→ Exercise description:
The part below that opens with the line containing "michael kors mk3335" and closes with the line containing "dickson & benson ltd" should be copied exactly, minus any pictures.

→ Input data:
Segment Open
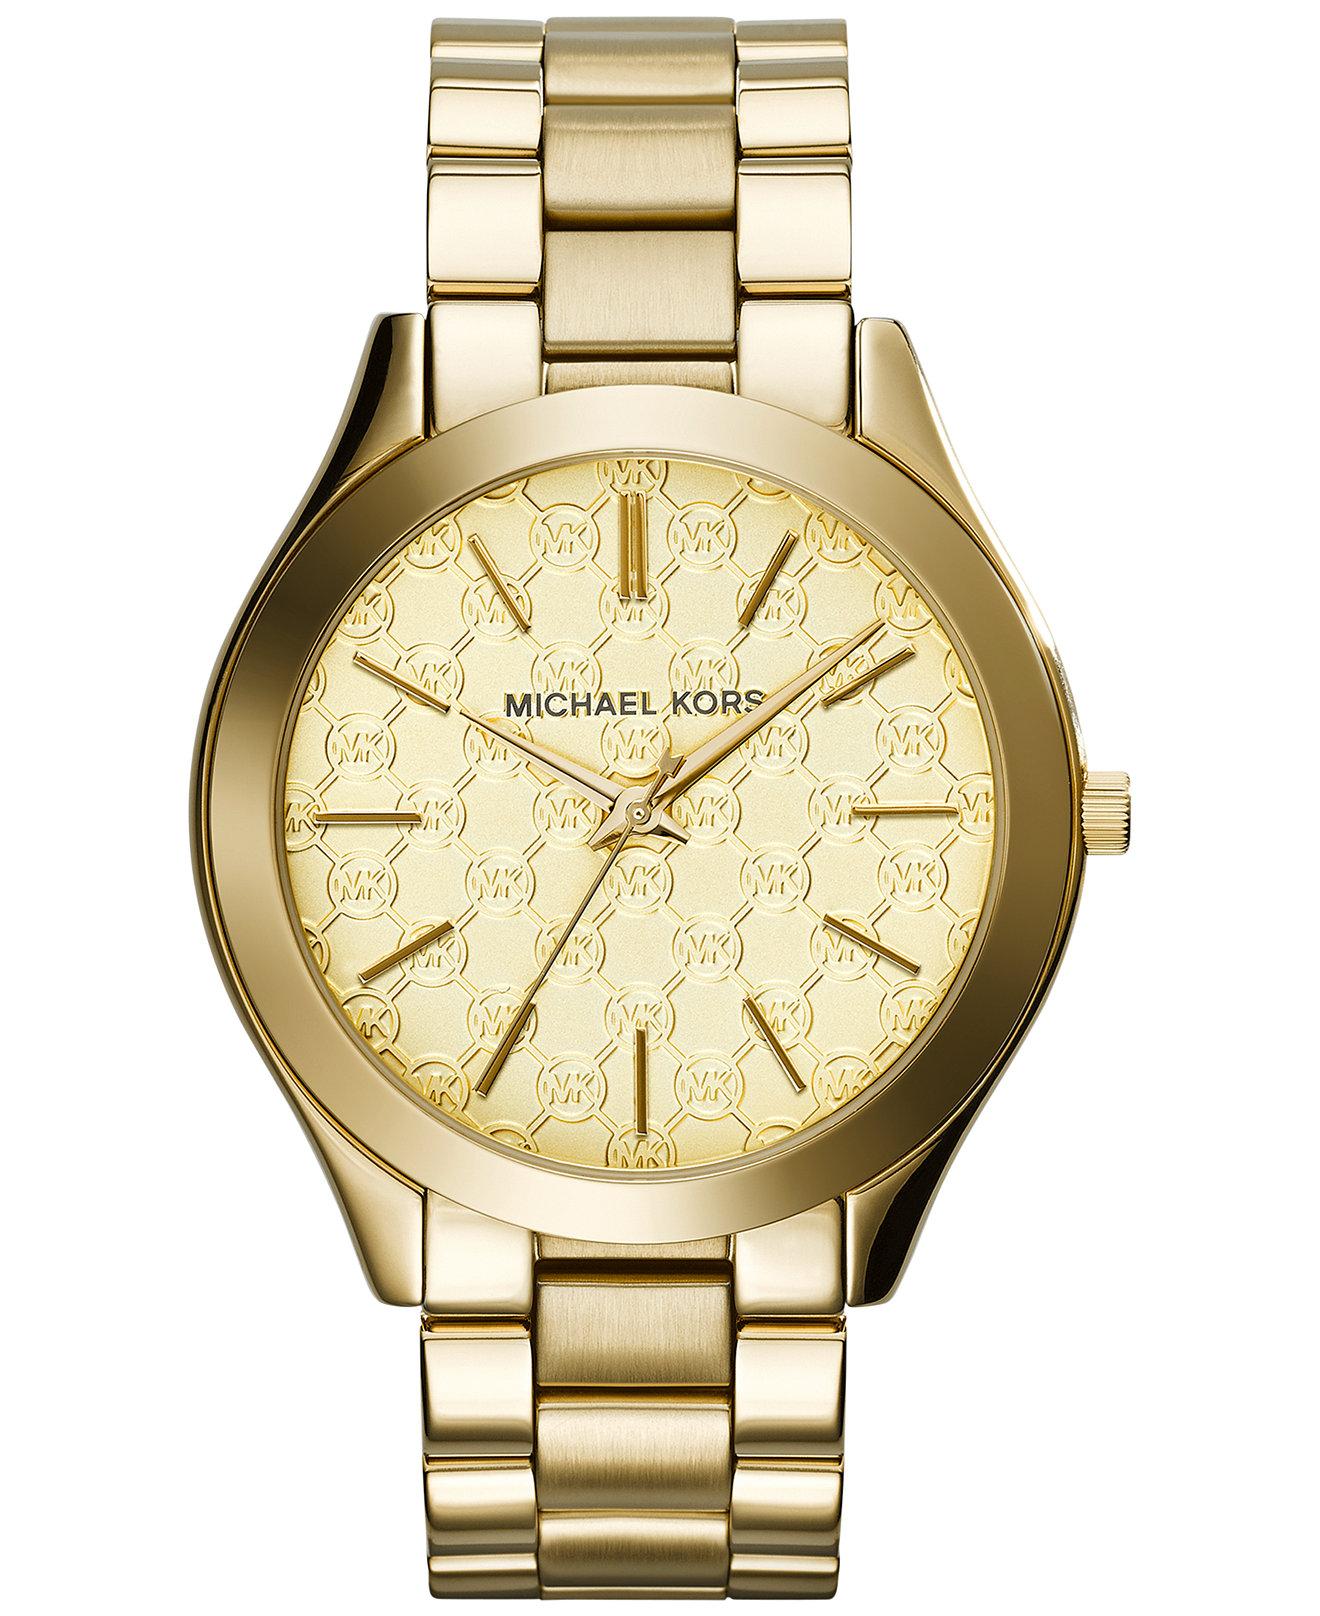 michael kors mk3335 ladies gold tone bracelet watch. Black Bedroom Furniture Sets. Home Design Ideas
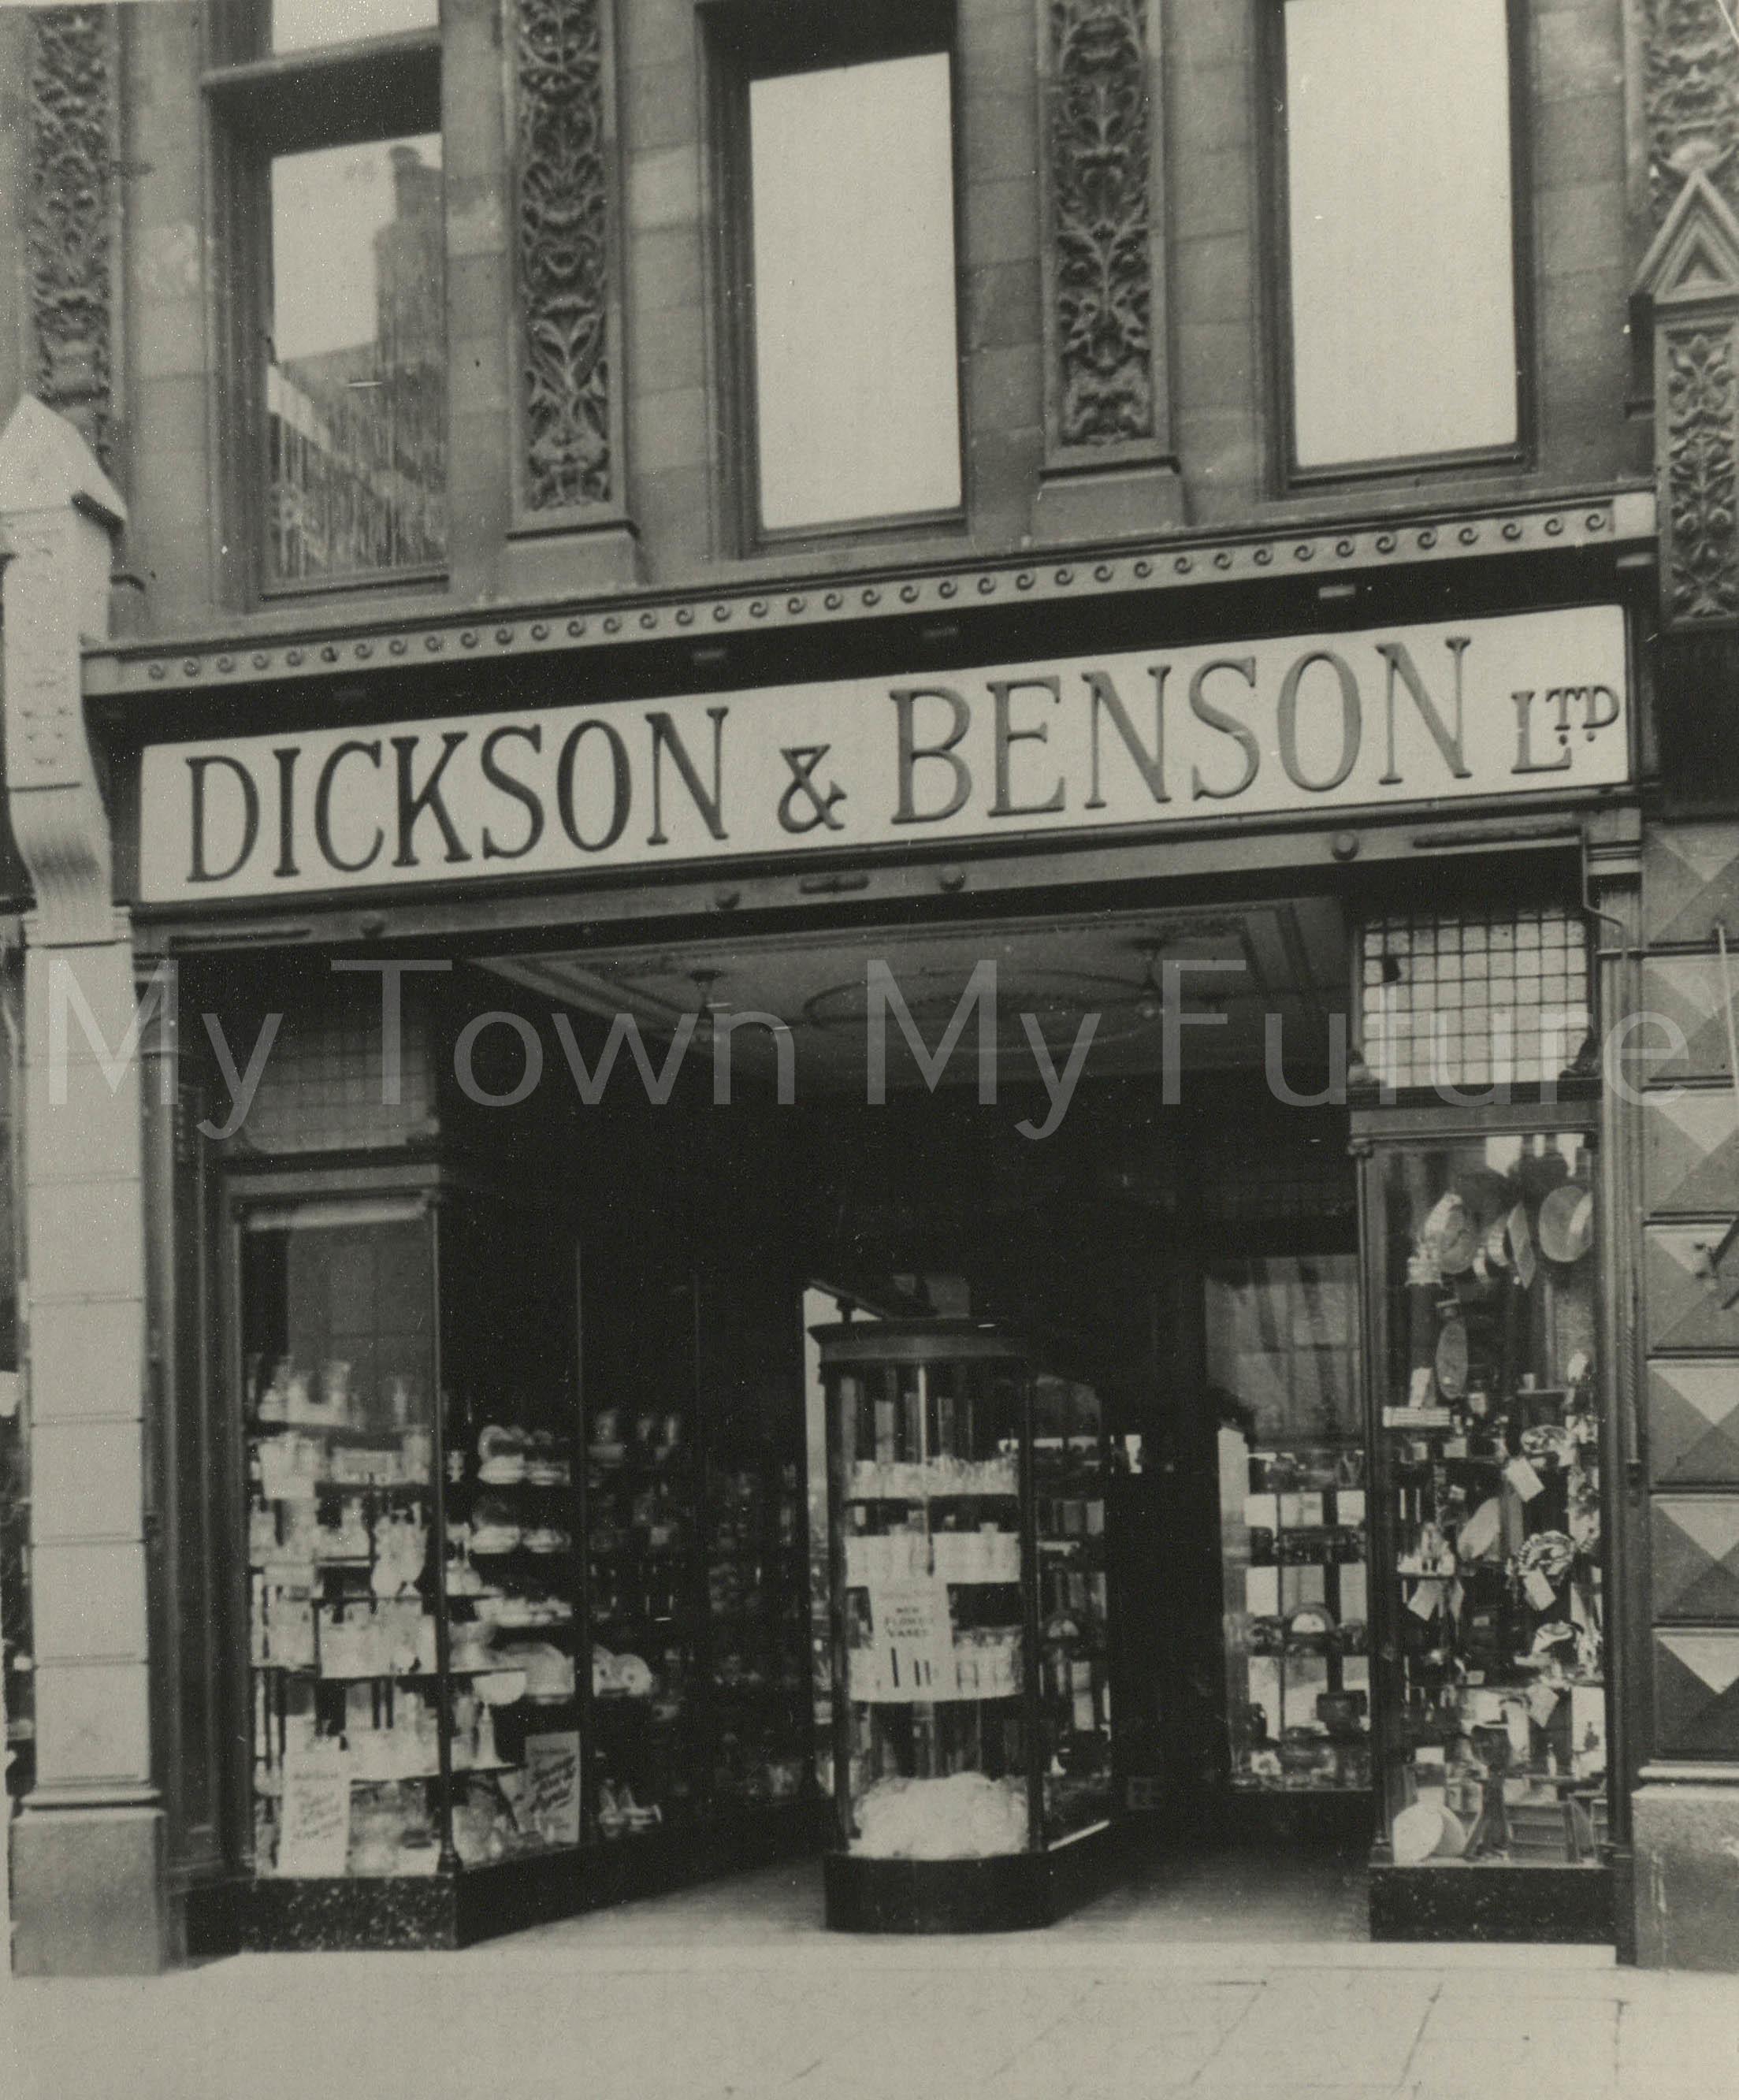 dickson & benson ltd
Segment Closed
Segment Open
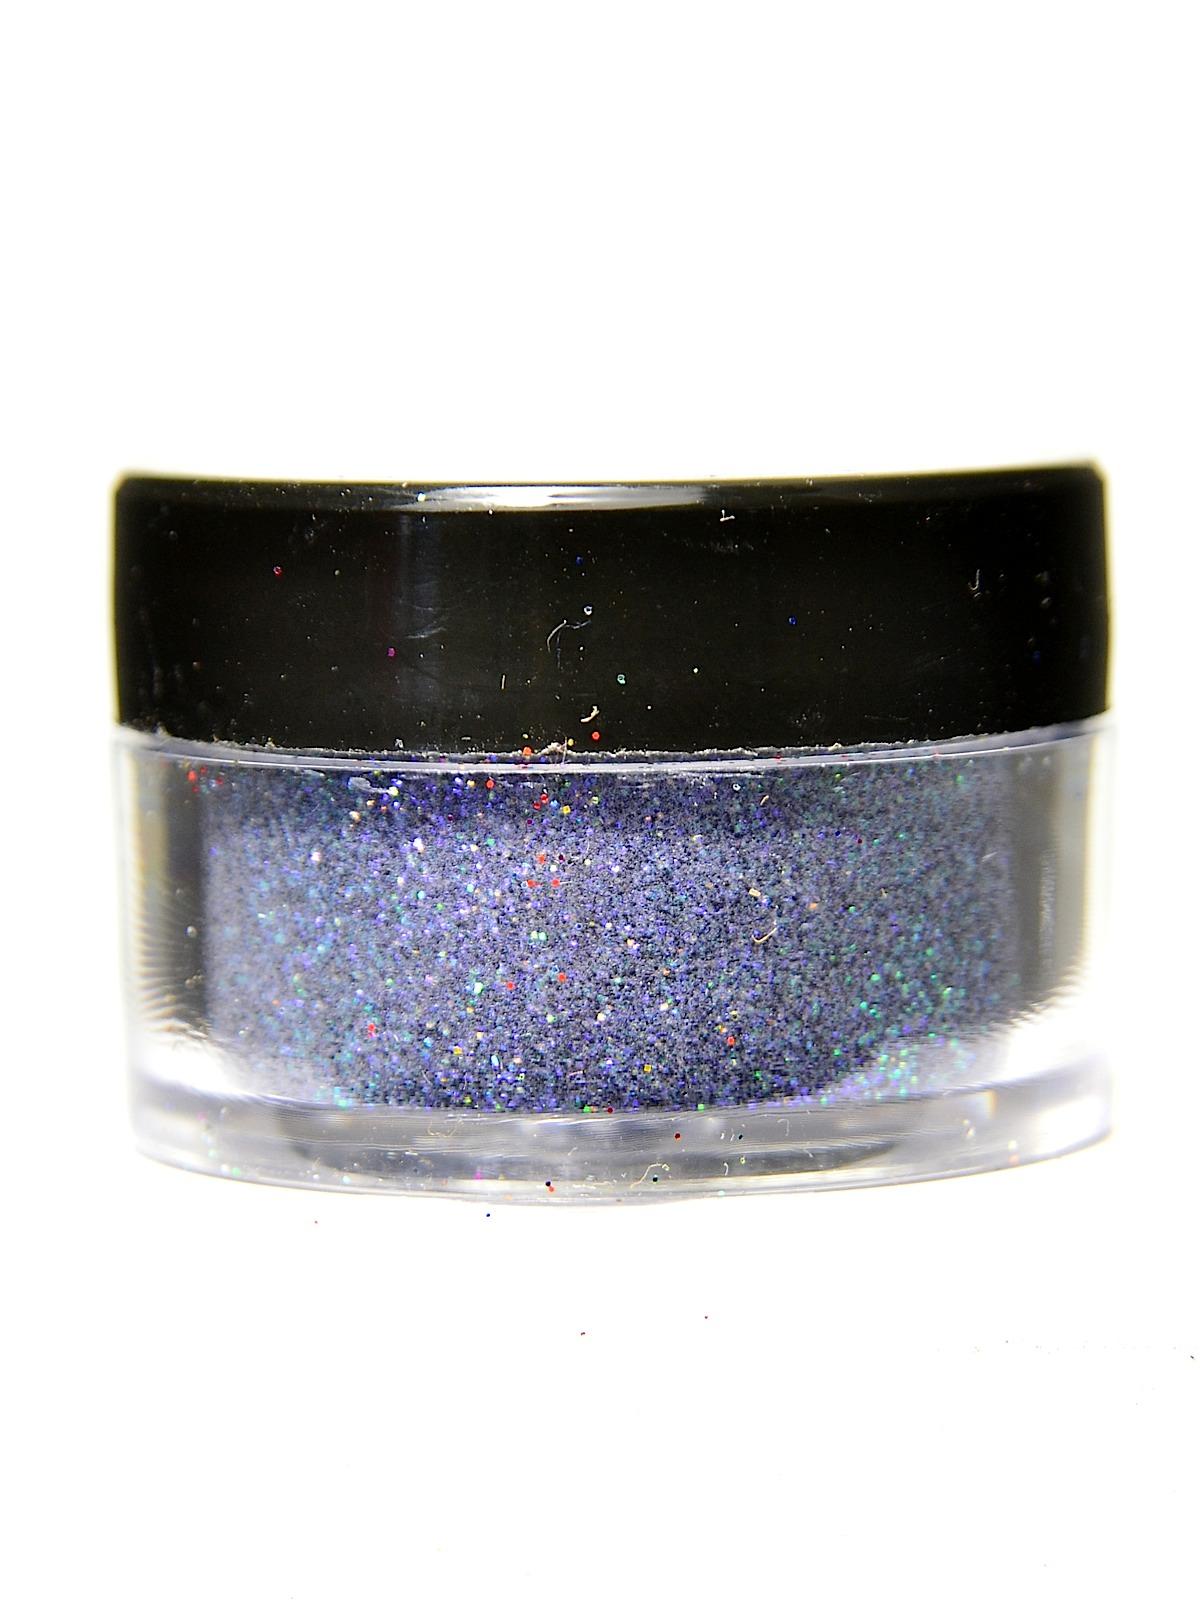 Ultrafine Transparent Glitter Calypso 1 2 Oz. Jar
Segment Closed
→ Expected answer:
 michael kors mk3335 ladies gold tone bracelet watch. Black Bedroom Furniture Sets. Home Design Ideas
 dickson & benson ltd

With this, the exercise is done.